Go to the line with "Buy Now Sea" in the records below, then output it and each following line exactly, up to and including the line with "Ochoa graduated from". Skip pictures and add nothing.

■ Extracted material ■

*** Begin section ***

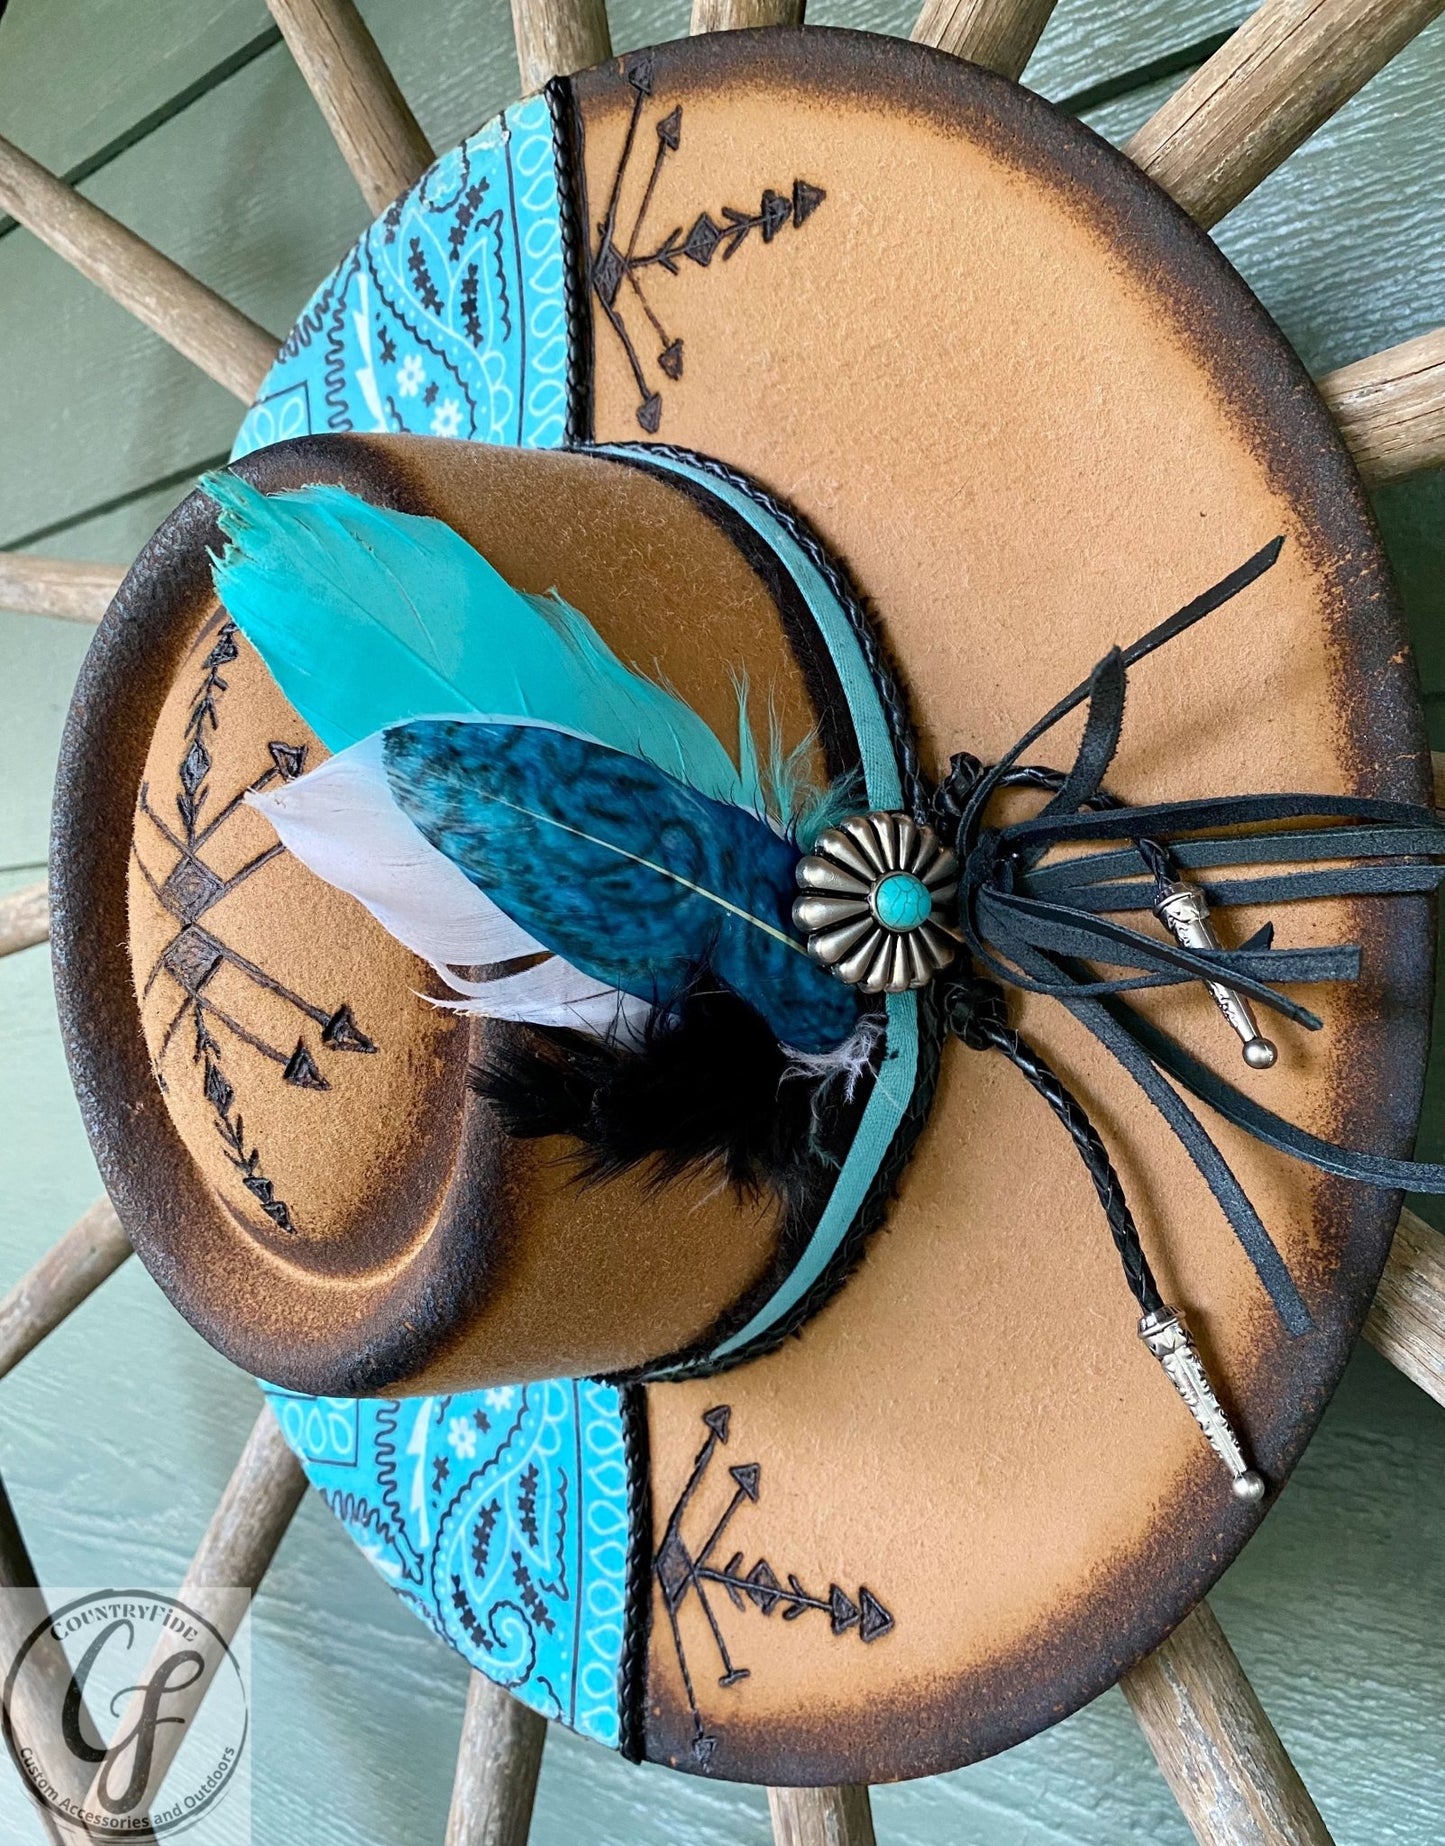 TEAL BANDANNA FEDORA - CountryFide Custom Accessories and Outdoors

*** End section ***
*** Begin section ***

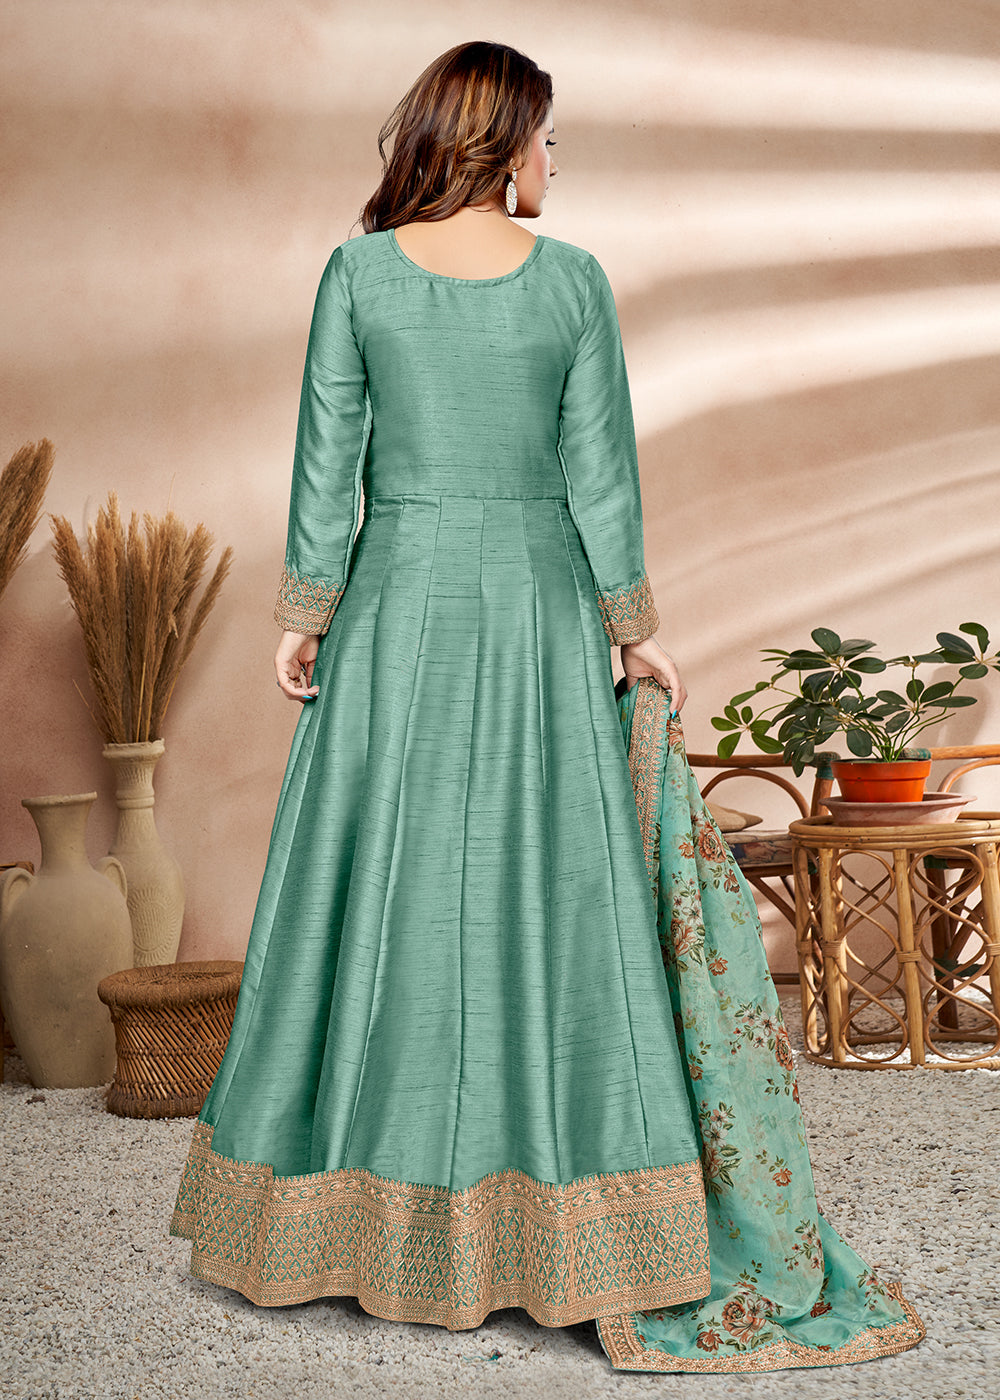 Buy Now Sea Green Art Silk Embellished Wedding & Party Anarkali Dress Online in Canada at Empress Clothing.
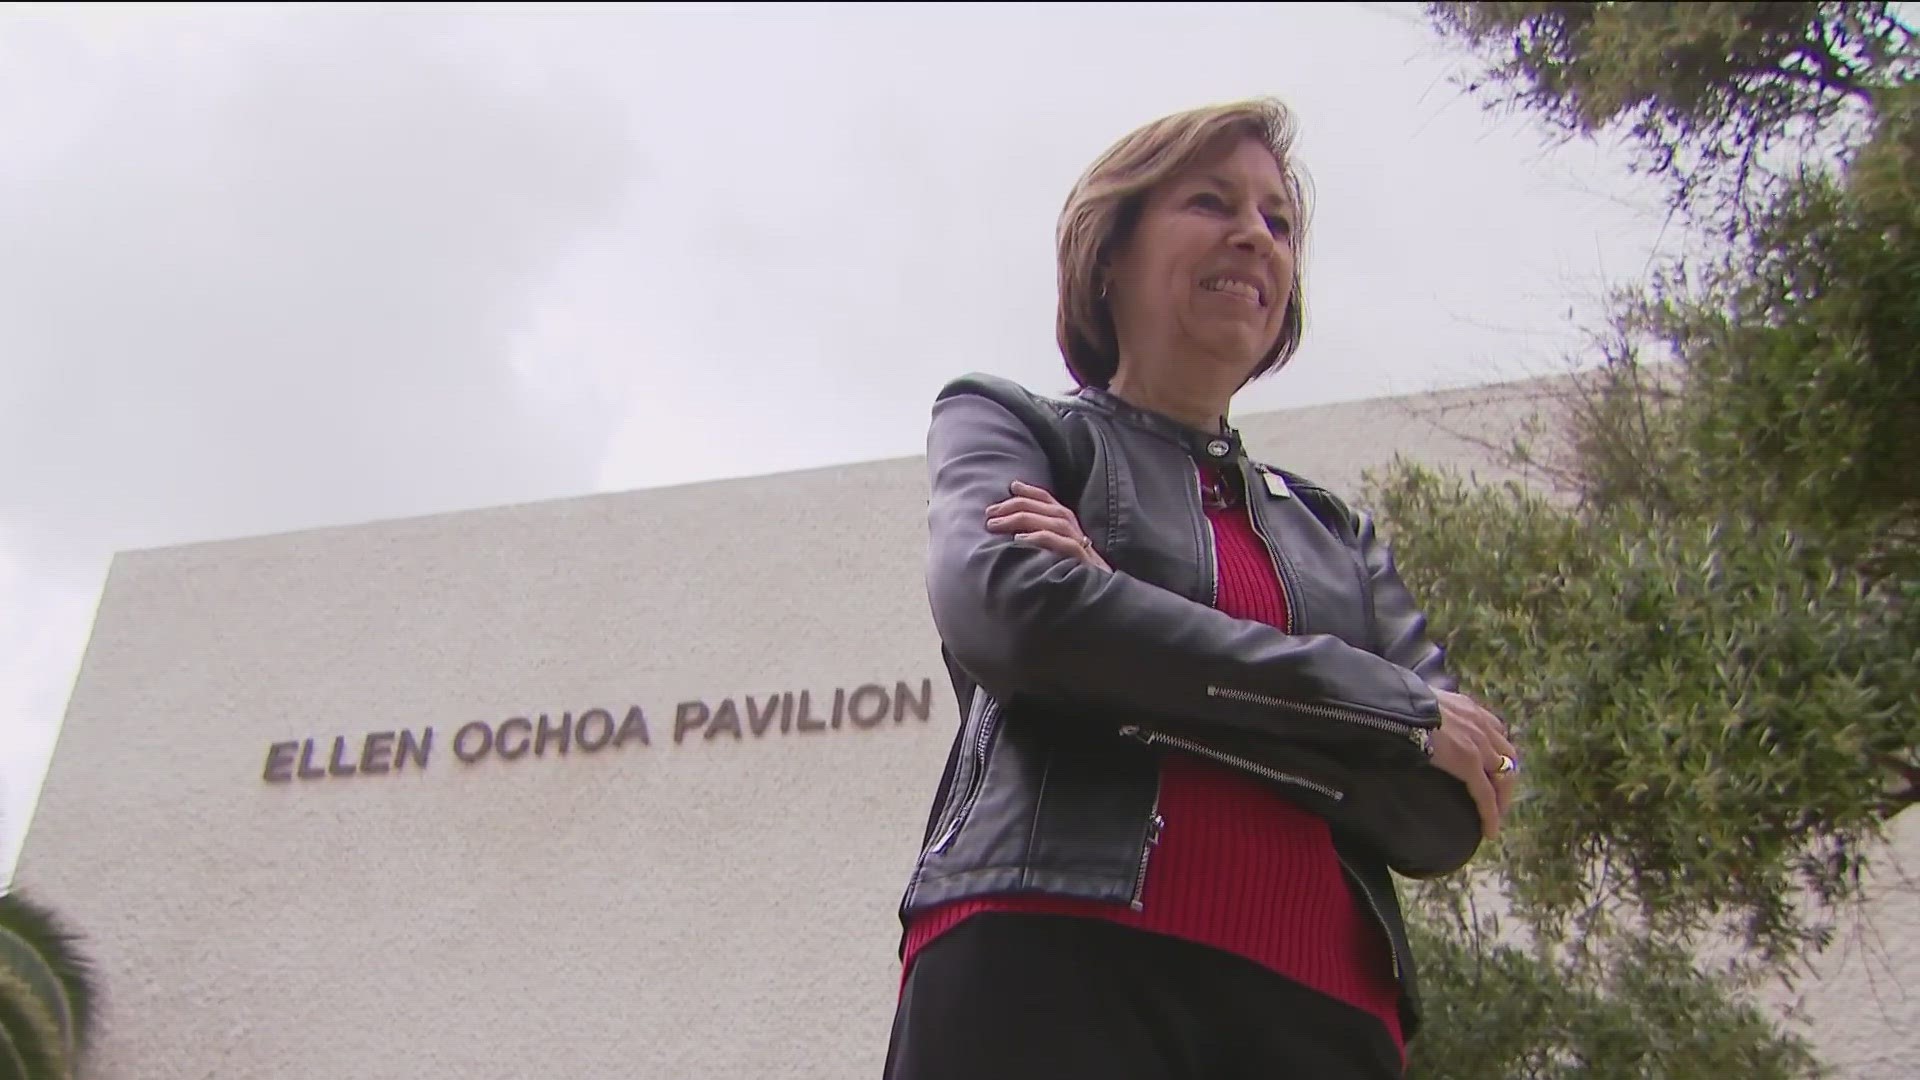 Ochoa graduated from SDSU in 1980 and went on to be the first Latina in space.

*** End section ***

■ Written answer ■
 Buy Now Sea Green Art Silk Embellished Wedding & Party Anarkali Dress Online in Canada at Empress Clothing.
 Ochoa graduated from SDSU in 1980 and went on to be the first Latina in space.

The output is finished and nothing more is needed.